Validation of the TFF3 structural model. (A) Ramachandran plot (PROCHECK), (B and C) PROSA Z-score, and (D) secondary structural features of the TFF3 protein structure, showing high-quality modeling results.

FIG. 4.

Structural and interaction analysis of the TFF3 protein using in silico tools. (A) ProtParam analysis showing the atomic composition and amino acid profile of the TFF3 protein. Notable residues include alanine (11.2%), leucine (10%), cysteine (10%), proline (7.5%), and glycine (6.2%), indicating a structure enriched in stabilizing amino acids. Visualization of protein contacts and atomic neighborhood for TFF3. (B) Chord plots illustrating secondary-level protein contacts, revealing inter-residue connectivity and interaction patterns. (C) Scatter plots displaying quantitative residue characteristics, including network centrality, residue extent, and solvent-accessible surface area, providing insights into structural and functional roles. (D) Asteroid plots offering a ligand- or residue-centric view of the atomic neighborhood, highlighting residues in the first and second interaction shells.

Molecular docking analysis

Molecular docking analysis was performed to assess the binding affinity between aminoglutethimide and TFF3 protein. The binding site of the TFF3 protein was identified and visualized using UCSF Chimera.
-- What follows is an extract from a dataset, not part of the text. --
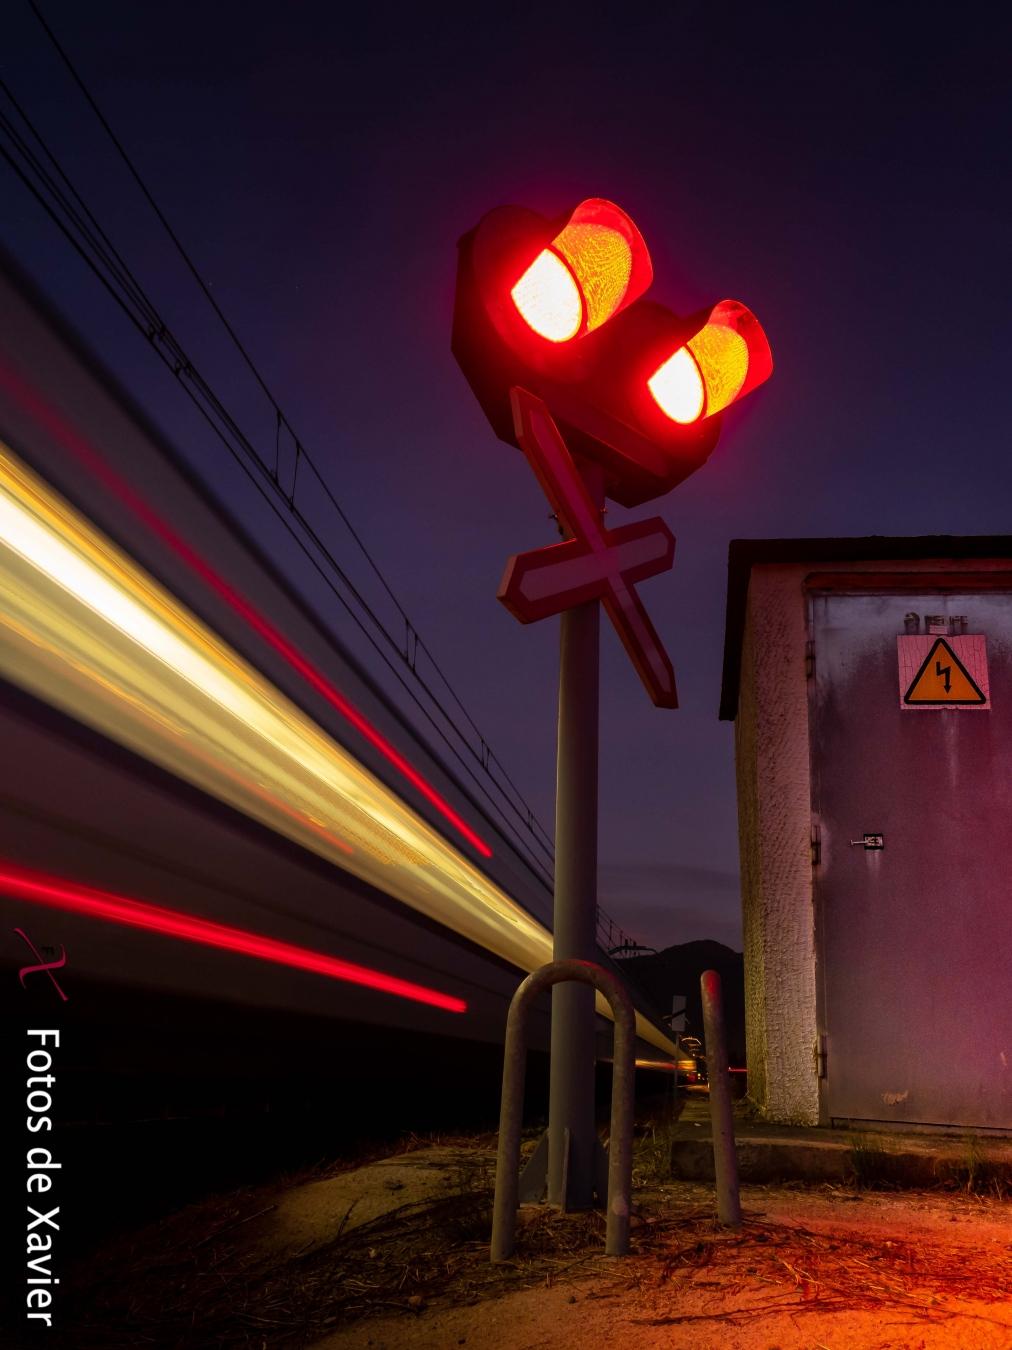 Dangerous - Luz - Fotos de Xavier. Fotografia de naturaleza y paisaje. Xavier Linares
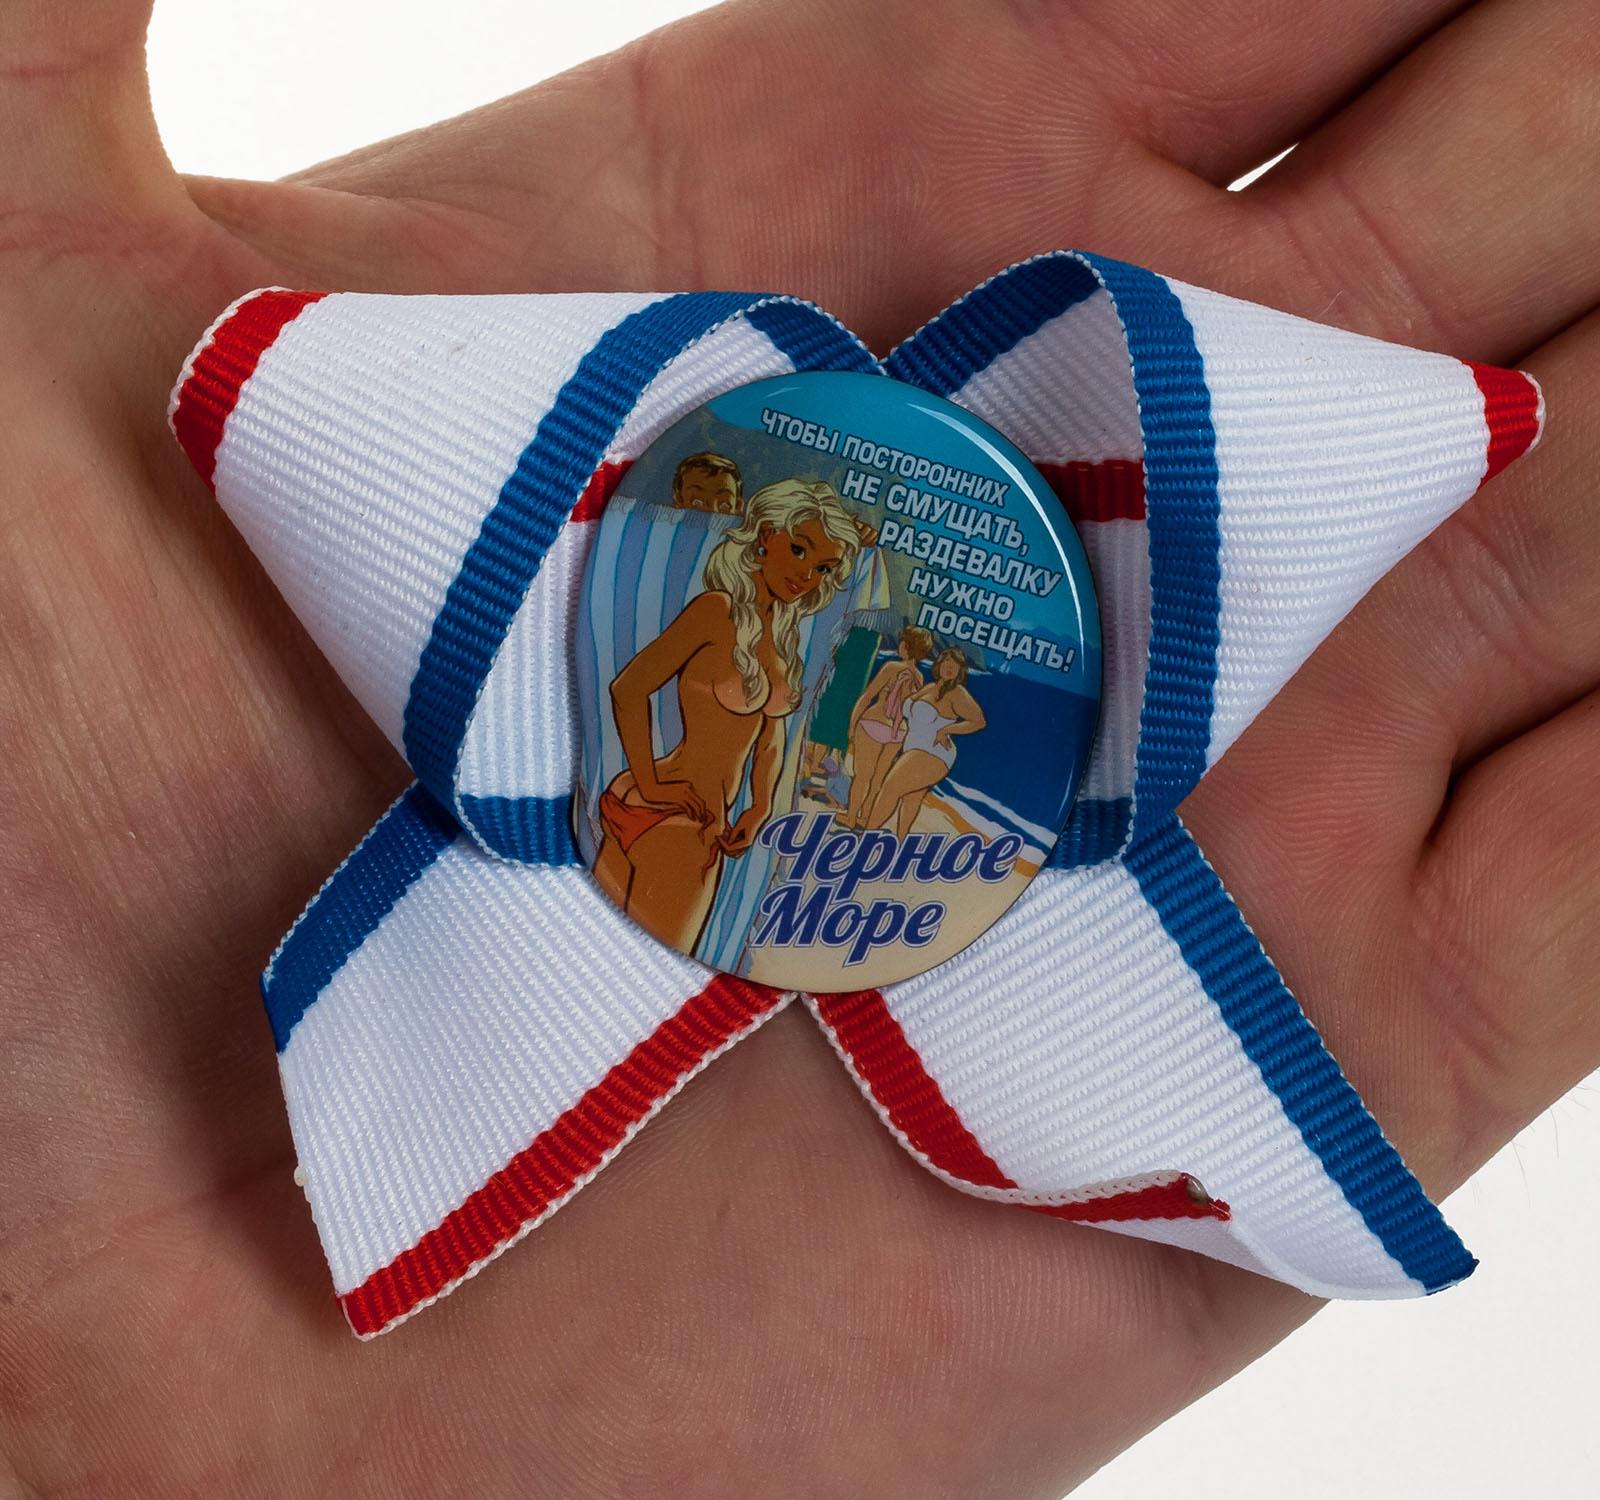 Крымские значки по низким ценам онлайн с доставкой

The docking procedure was performed using AutoDock Vina, with the grid box defined around the predicted binding domain. Default grid parameters were applied, centered on the largest surface-accessible pocket of the modeled structure. The grid box was centered at coordinates (X: 4.23, Y: 12.90, Z: −10.16) with dimensions (Size X: 44.44, Y: 46.18, Z: 53.07) to encompass the entire active site region. The final docking run generated multiple binding poses, and the best pose was selected based on binding energy and RMSD criteria. The docking analysis demonstrated a binding affinity score of −6.1 kcal/mol, indicating a stable and potentially effective interaction between the drug and the target protein (Fig. 5). A lower binding affinity score generally reflects a stronger and more favorable interaction between the ligand (aminoglutethimide) and the receptor (TFF3).

FIG. 5.

Molecular docking results of aminoglutethimide and TFF3. Binding pose of aminoglutethimide within the active site of the TFF3 protein. The interaction features a binding affinity score of −6.1 kcal/mol, indicating strong ligand–receptor interaction.

Discussion

Drug repurposing and thinking beyond the disease silos in drug design, discovery, and clinical development are among the contemporary approaches in pharmaceutical innovation (Dasgupta et al., 2023; Dasgupta, 2024a, 2024b;). Uncovering the molecular substrates shared among two or more diseases can help develop interventions with a broad therapeutic and diagnostic scope. The overlap in the genetic signatures between IPF and PH observed in the present study highlights a potential convergence in their molecular mechanisms, which may help explain their frequent coexistence in clinical settings.

The identification of 13 DEGs with consistent expression trends in both diseases suggests a shared pathogenic framework that could be driven by chronic inflammation, fibrosis, and vascular remodeling. Genes such as ADAMTS18, TFF3, and MUC16, which were significantly upregulated as observed in the present analyses, are associated with processes such as extracellular matrix remodeling, epithelial integrity, and immune response modulation (Chen et al., 2024; Meyer zum Büschenfelde et al., 2006; Nie et al., 2024). Similarly, the consistent downregulation of genes such as RNASE2 and CNTN6 points toward disrupted cellular communication and immune regulation (Acquati et al., 2019). This shared gene expression profile suggests that common environmental triggers, such as hypoxia or inflammatory insults, might initiate or exacerbate pathological changes in both diseases. Supplementary Figure S4 illustrates the possible involvement of common genetic features, cellular components, and pathways that may potentially contribute to the pathogenesis of both IPF and PH.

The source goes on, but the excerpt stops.